| Our last weeks in Kathmandu We’re home again, in our own apartment, with kitchen, bathroom and study. Luxury is enjoyed most after a period of hardship and austerity. The last weeks of our half year stay in Kathmandu are graced with a busy program containing preparations for the following stage of our journey, negotiating with publishing houses and activities with our Dutch guests. The publication of the book written by Peter translated by me in English seems to become a reality when Vajra Publishers in Kathmandu, specialised in Buddhist books, show their genuine interest. In The Netherlands Spectrum Publishers seem to be very interested as well. We are glad that the months of hard work we have invested – most of it in the wintery cold - will pay off.
We check the bicycles and subject them to a final test, together with Sylvia, Gert and Mirjam, who ride on rented mountain bikes. We cycle to Nagarkot, a high viewpoint north west of Kathmandu, where we spend the night. En route we visit the village of Changu Narayan, one of the oldest places pilgrims go to in the valley. The temple, originating in the first centuries after Christ, is devoted to Vishnu after he fought the demon Chand.
The village of Nagarkot turns out to be the only feature at the viewpoint with the same name. One day we’ll return here to witness one of the most beautiful panoramas of the Himalayas, from the Annapurnas in the west to Everest in the east.
The second day of April we say goodbye to Mirjam for whom this was a first time she visited an undeveloped country, to which she nonetheless became really hooked the past four weeks. It was the first time during our five-year journey a non-family member paid us a visit and we sincerely hope it wasn’t the last. Sylvia and Gert start their big hike in Nepal, the Dolpo-trek in the western part of the country and one of the most difficult hikes possible. We undertake more beautiful cycling tours with Jan de Groot, who time and time again finds new and unknown paths to small temples and hidden villages.
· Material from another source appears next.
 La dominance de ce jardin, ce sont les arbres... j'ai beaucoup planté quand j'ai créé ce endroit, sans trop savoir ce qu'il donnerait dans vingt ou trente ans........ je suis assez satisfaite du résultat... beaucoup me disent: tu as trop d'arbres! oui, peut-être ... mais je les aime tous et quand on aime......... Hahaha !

With Jan and daughter Gita Morrenhof we enjoy delicious dinners and long conversations. Jan works as an agricultural consultant in Nepal and would like to stay here, even when his present contract ends in June. They live within a stone’s throw of our apartment and since a couple of months we visit each other quite regularly. Kari from the Netherlands consulate is another nice person we see from time to time. The shopkeepers in our neighbourhood know us by now, we even have subscribed to a newspaper and it seems like we have been living here forever.
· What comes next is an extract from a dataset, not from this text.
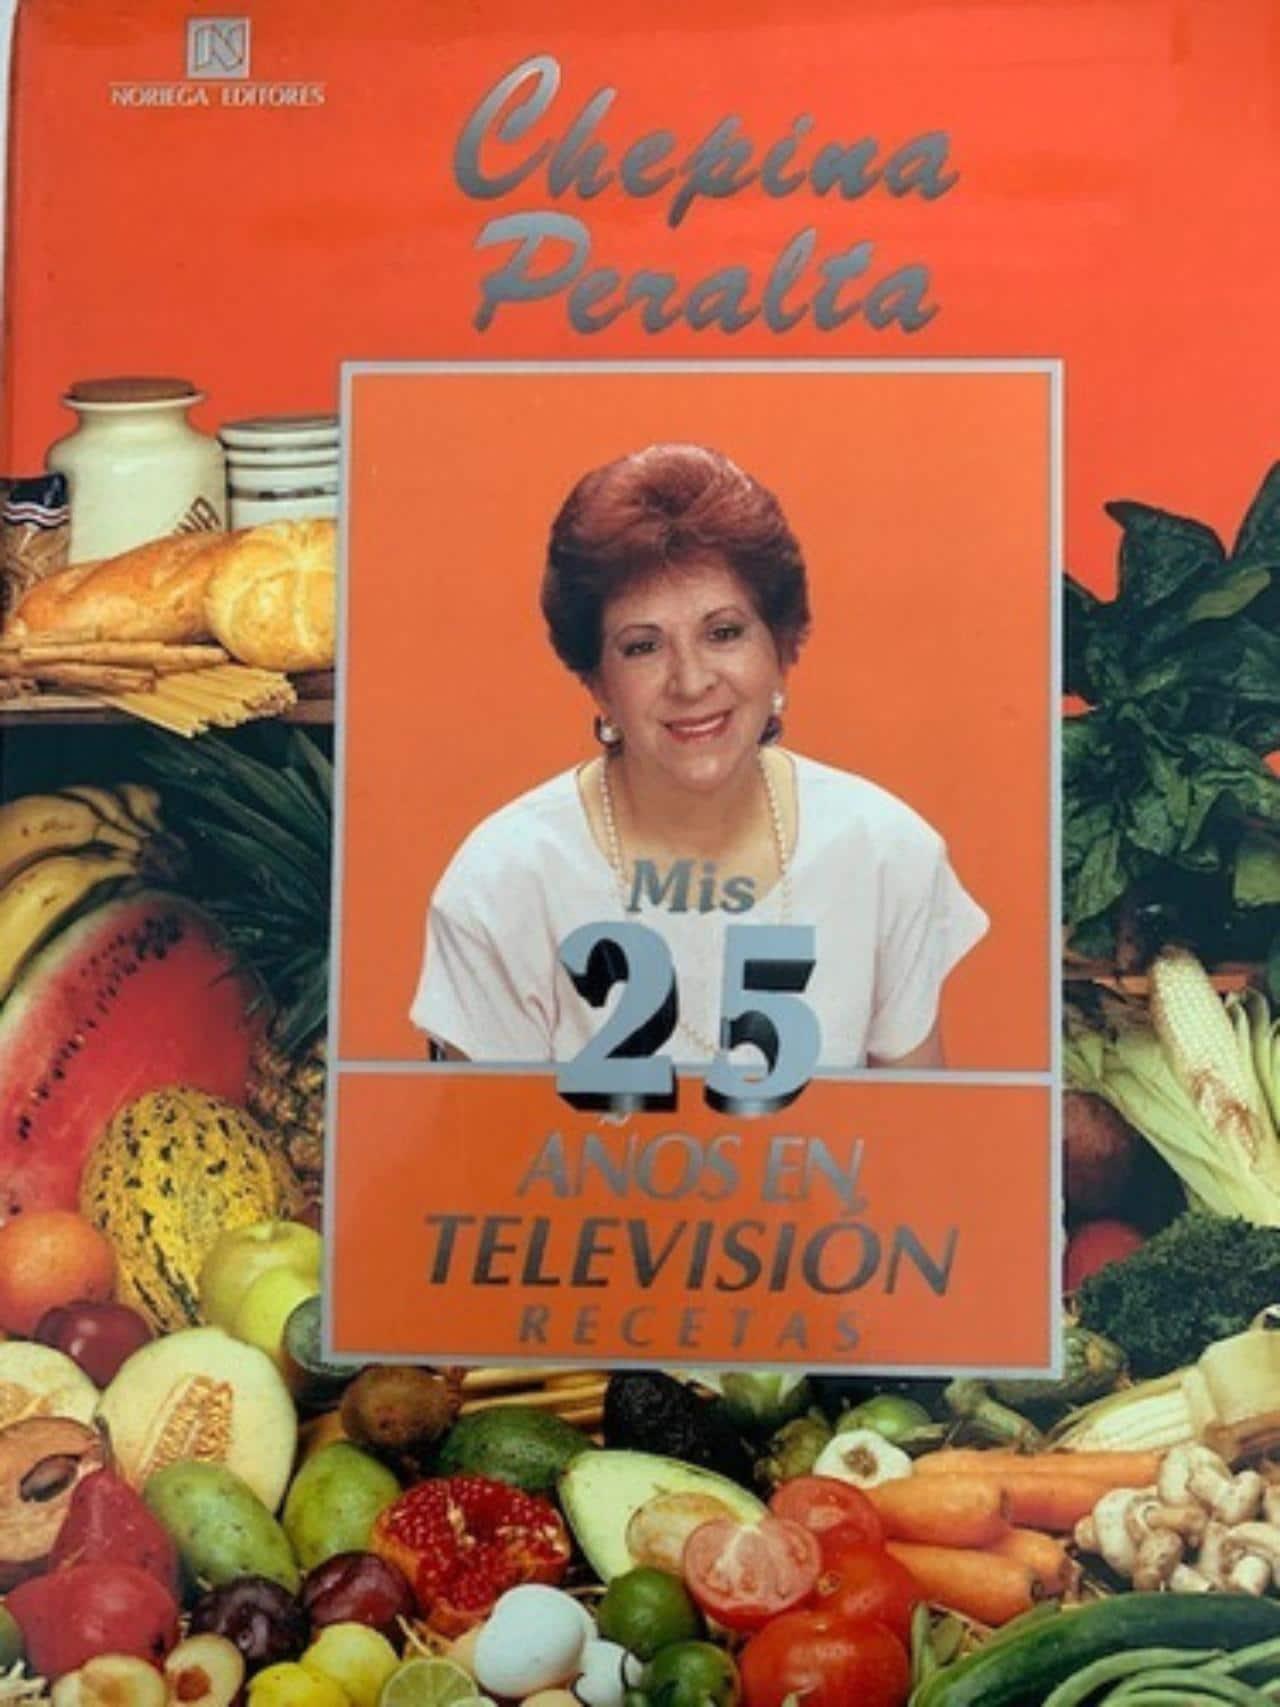 Chepina Peralta, 25 años en televisión

By coincidence we meet six other world cyclists: a young German couple on a recumbent tandem (Mandy & Benny www.globecyclers.de), a Polish couple (Robb & Ania www.acanay.com/2006) and the Swiss couple Claude Marthaler and Nathalie Pellegrinelli (www.yaksite.org). Claude already wrote two books about his cycling adventures and would like to swap his for ours. Saturday April 21 one of Patan’s biggest Hindu festivals takes place in the vicinity of our house. The Rato Machhendranath Jatra is a festival in honour of the rain god of the same name. Until a few decades ago the Kathmandu Valley was a purely agricultural area that depended on the monsoon, with a lot of warmth and rain, for a good harvest,. On the eve of the monsoon everybody busies themselves performing pujas (holy rituals and offerings), lighting candles and lights, offering rice and flowers and especially by building the chariot that carries the image of the rain god through Patan’s streets for a month. The chariot is made of natural materials only, like wood, sisal, hemp rope and pine branches. Almost every day during the last month we passed by Jawalahpur to observe the construction of the chariot.
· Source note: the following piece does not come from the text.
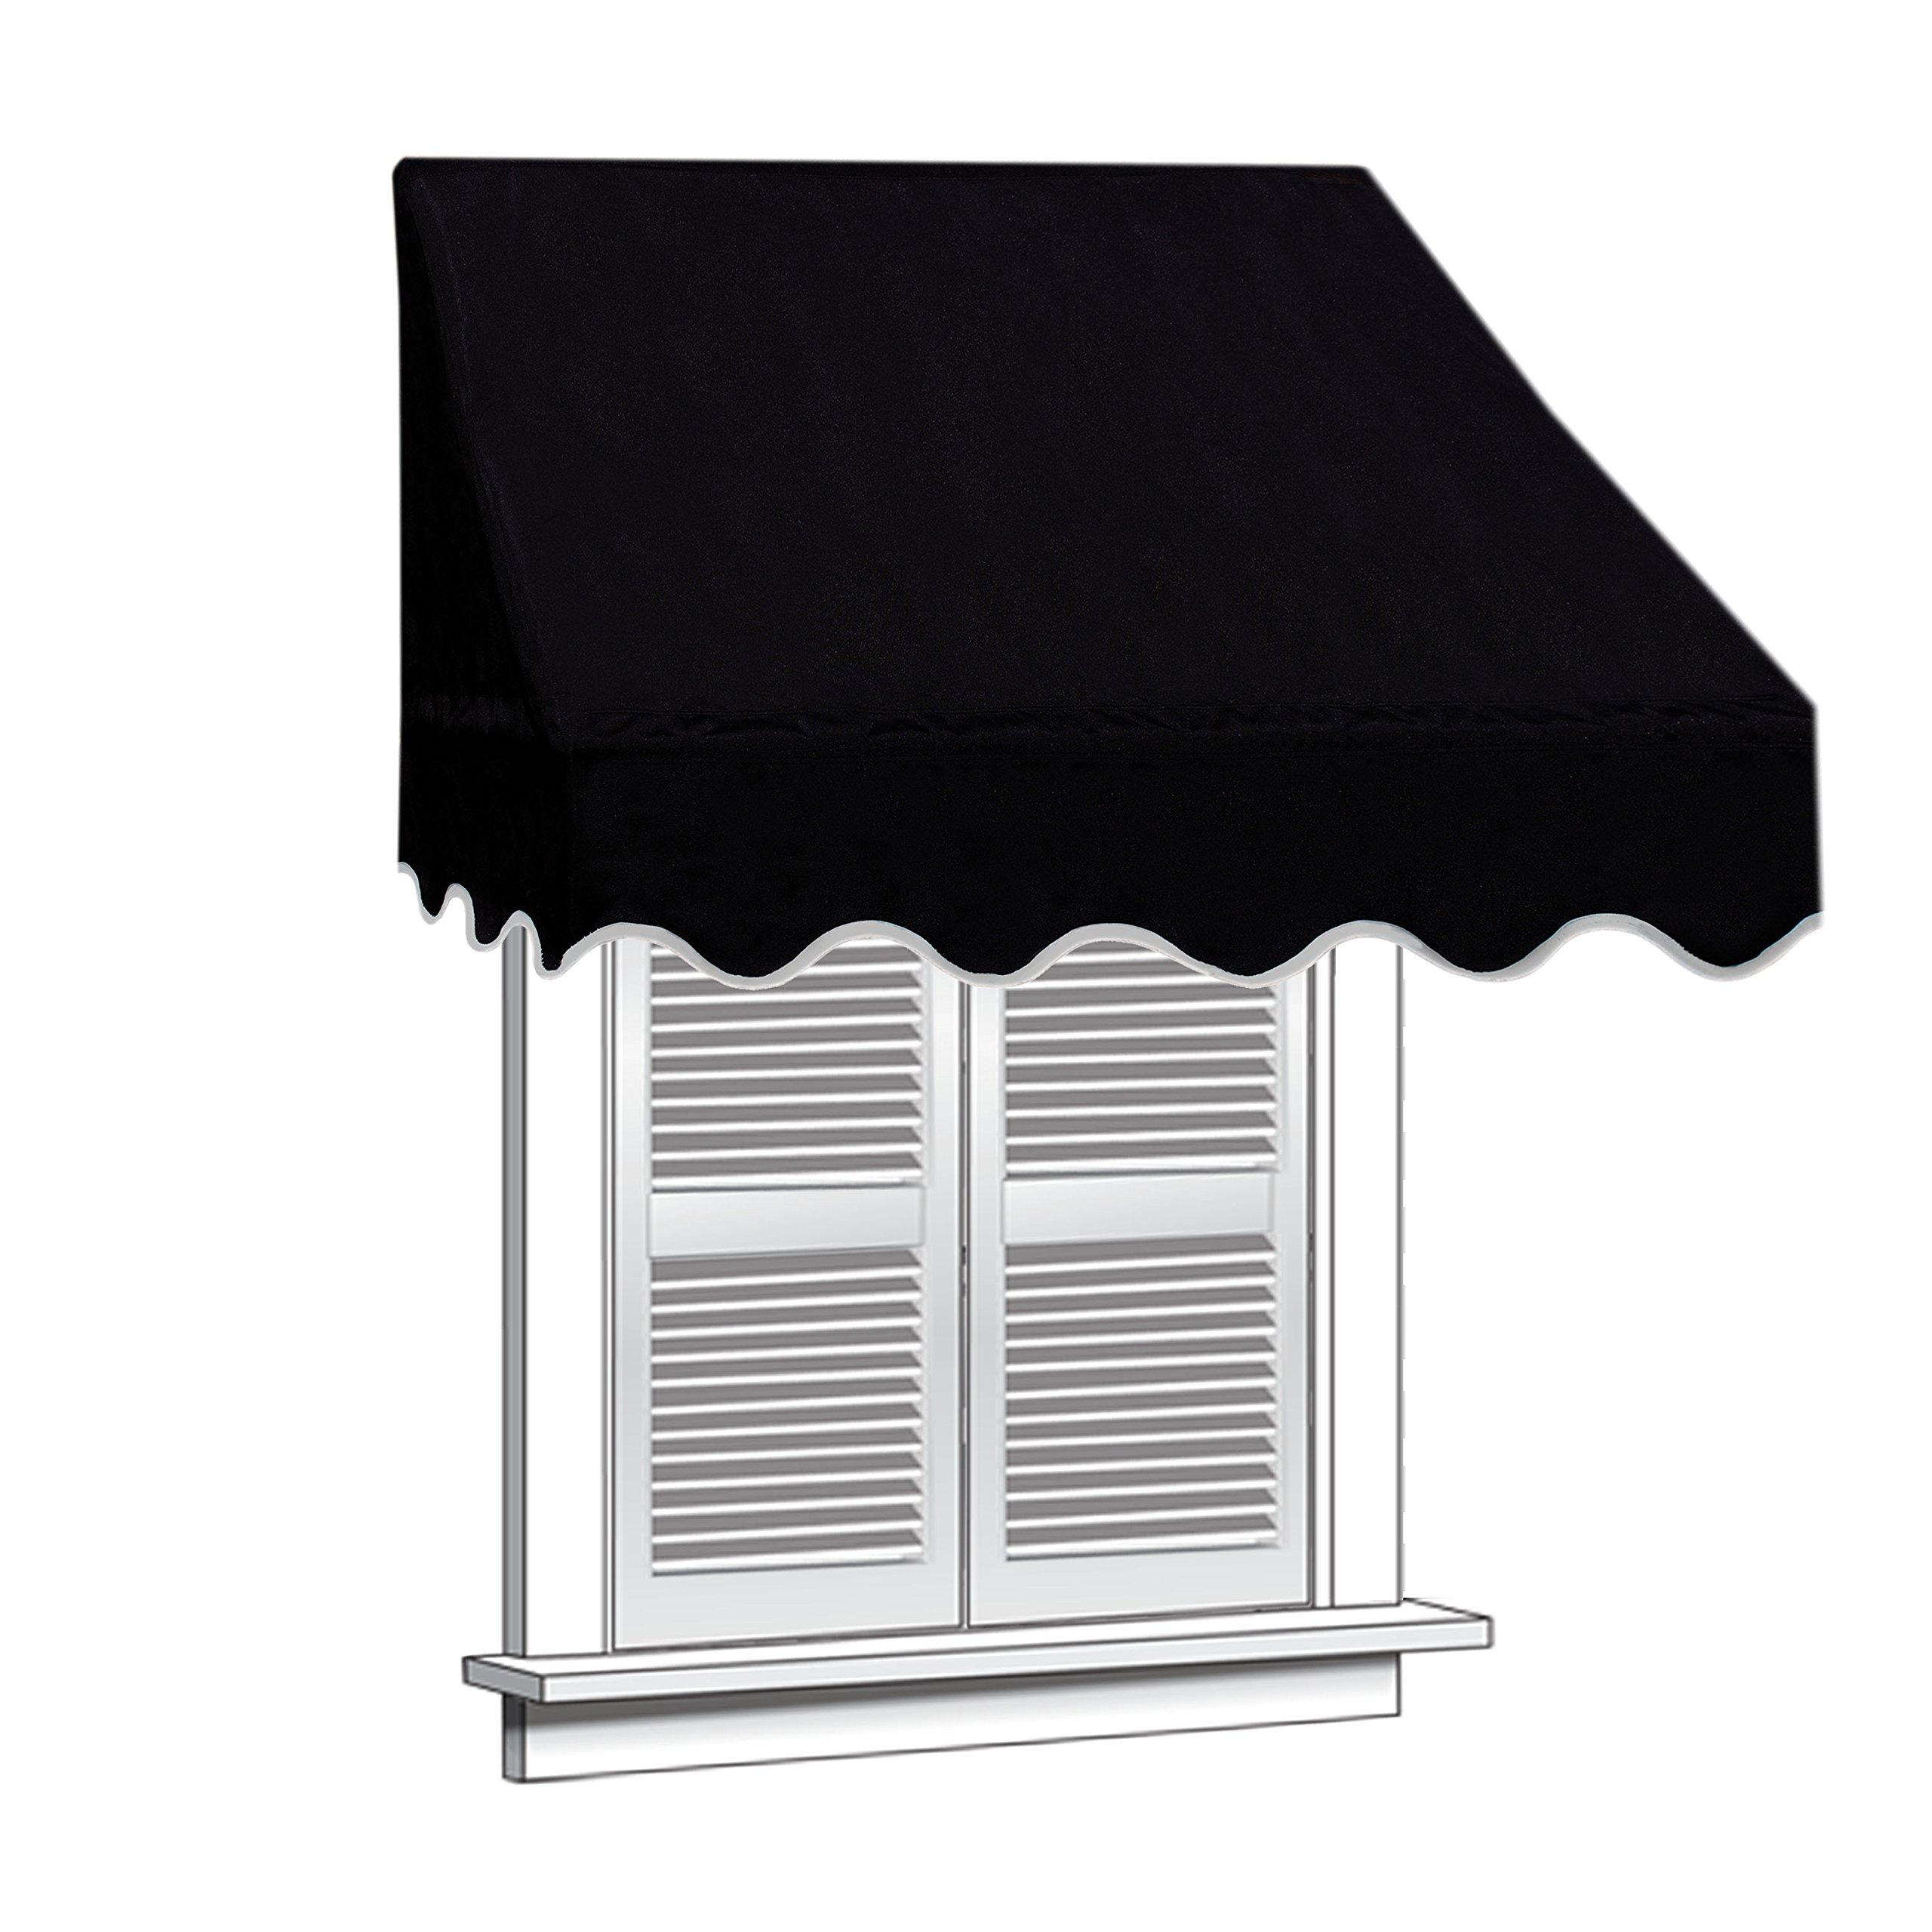 ALEKO WAW8X2BLACK81 Window Canopy Awning 8 x 2 Feet Black

The colossus has grown to a height of at least thirty metres: a narrow pillar of wooden rafters and sisal, fastened to a wooden cart that is reinforced with enormous bushels of sisal. The cart rests on four huge wooden wheels with a diameter of about two metres. The builders of this year’s chariot probably have drunk a drop or two during their activities, because the gigantic hulk leans over to one side quite a bit.
After a royal brass band with banners, bright yellow socks and old fashioned carbines marches around the slanting chariot, performing a flute concert, the feast starts. The king himself isn’t present this year, out of fear to get stoned by his very own subjects. On the horizontal beam in front of the chariot a man is sitting who signals the crowd and the pullers, the pull ropes are tight and then we hear: “haisa, haisa,” out of a thousand throats. Centimetre for centimetre the colossus that weighs tons is moved from its birthplace. The god Machhendranath looks on from his seat in the middle of the chariot how sweating boys and men, whipped up by drums and a hysterical crowd, pull him toward Pulchowki Chowk. In the bend that leads to the centre of Patan the colossus starts slanting even more and barely misses street lanterns and electricity cables. Most cables have been removed in advance in honour of this party or shifted and the Nepali army has even been mobilised to ensure safe proceedings.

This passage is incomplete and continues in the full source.